• [Task instructions]:
Below are several records. Retype exactly those lines running from the one with "football stadium mural" through the one with "professiona1 photographe 9a", end lines included, and no others.

• [Records for the task]:
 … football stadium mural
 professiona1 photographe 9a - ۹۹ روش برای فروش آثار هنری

--

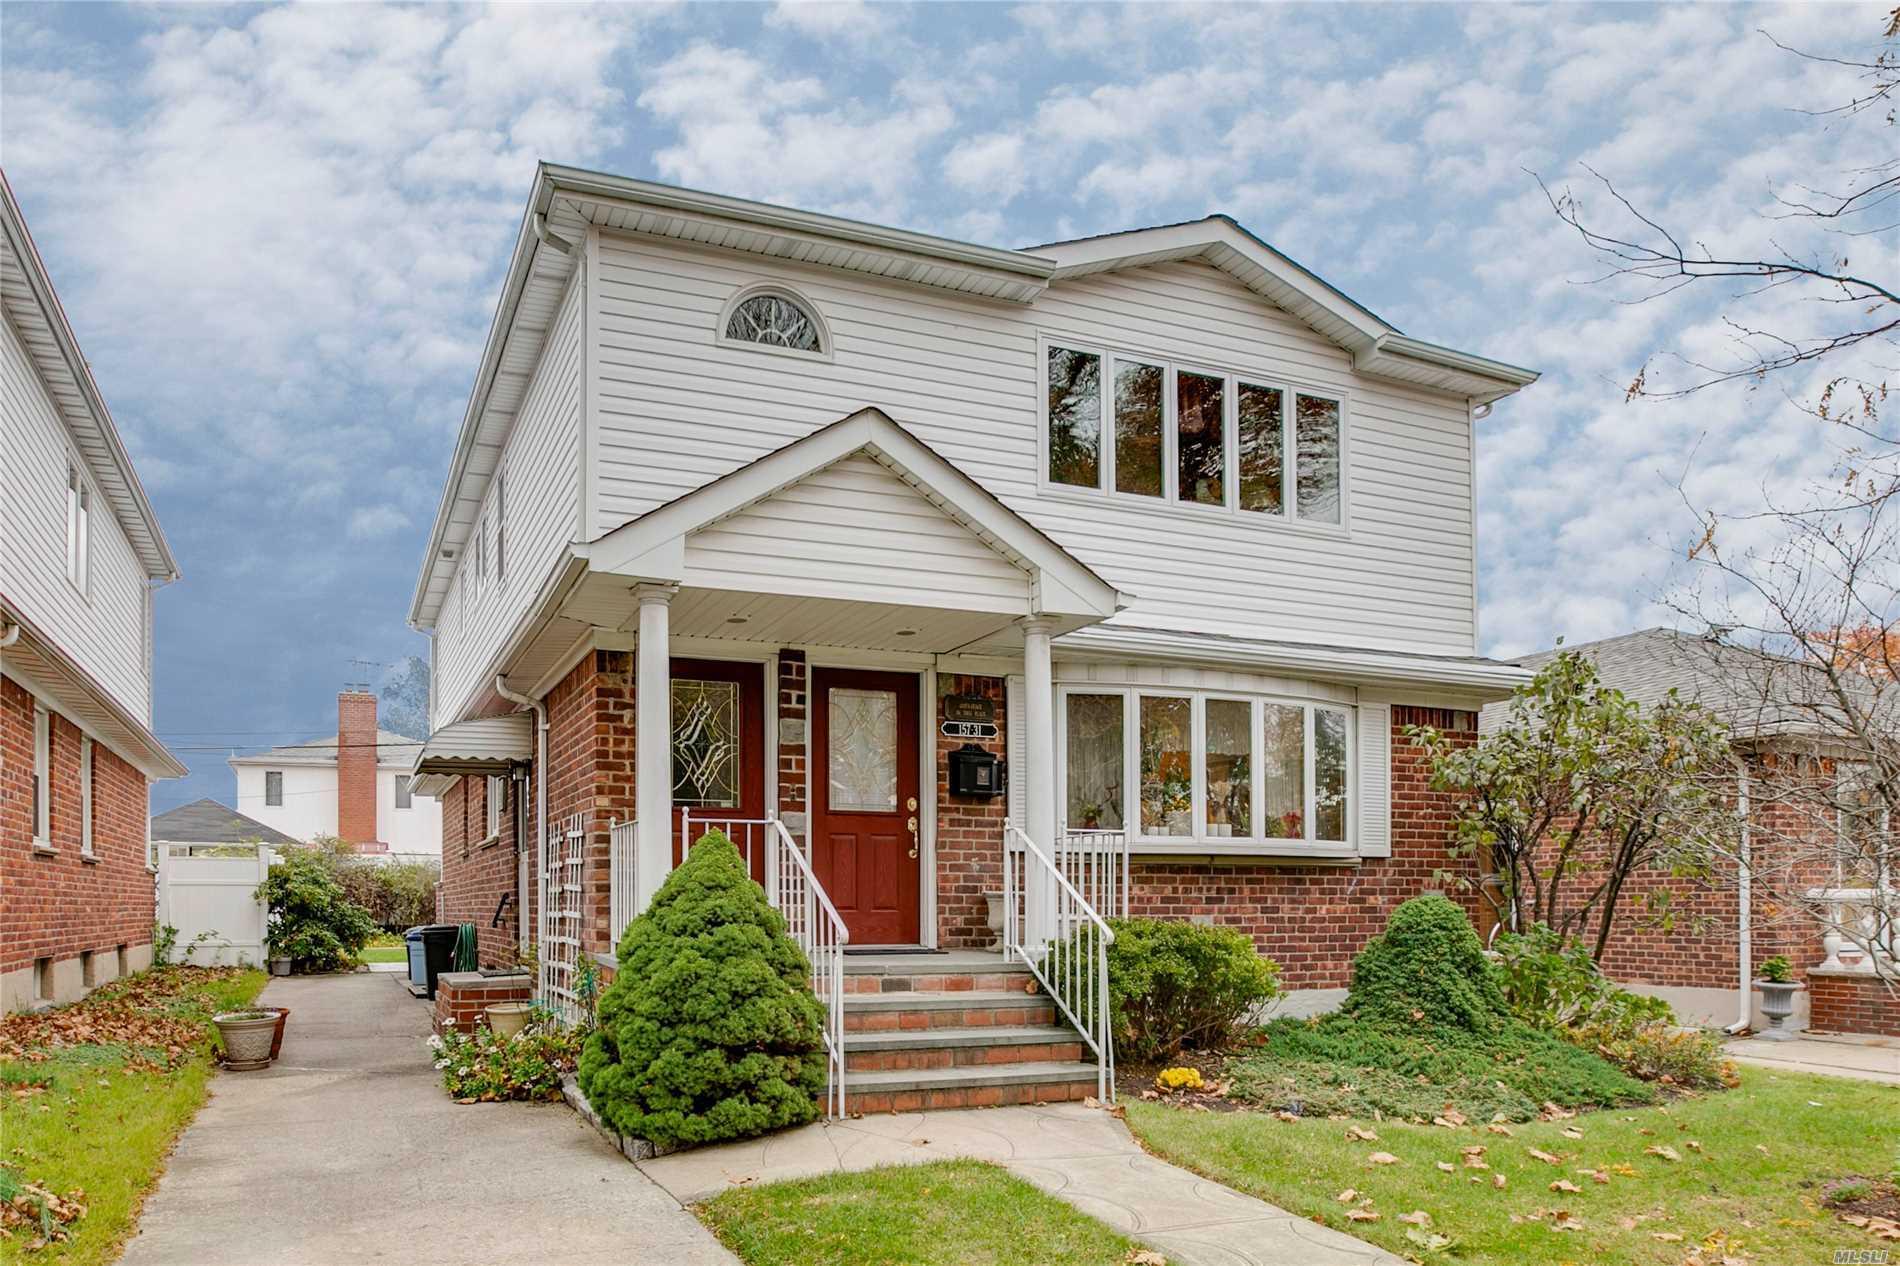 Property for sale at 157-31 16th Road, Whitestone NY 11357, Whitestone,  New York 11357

• [Answer to this task]:
 … football stadium mural
 professiona1 photographe 9a - ۹۹ روش برای فروش آثار هنری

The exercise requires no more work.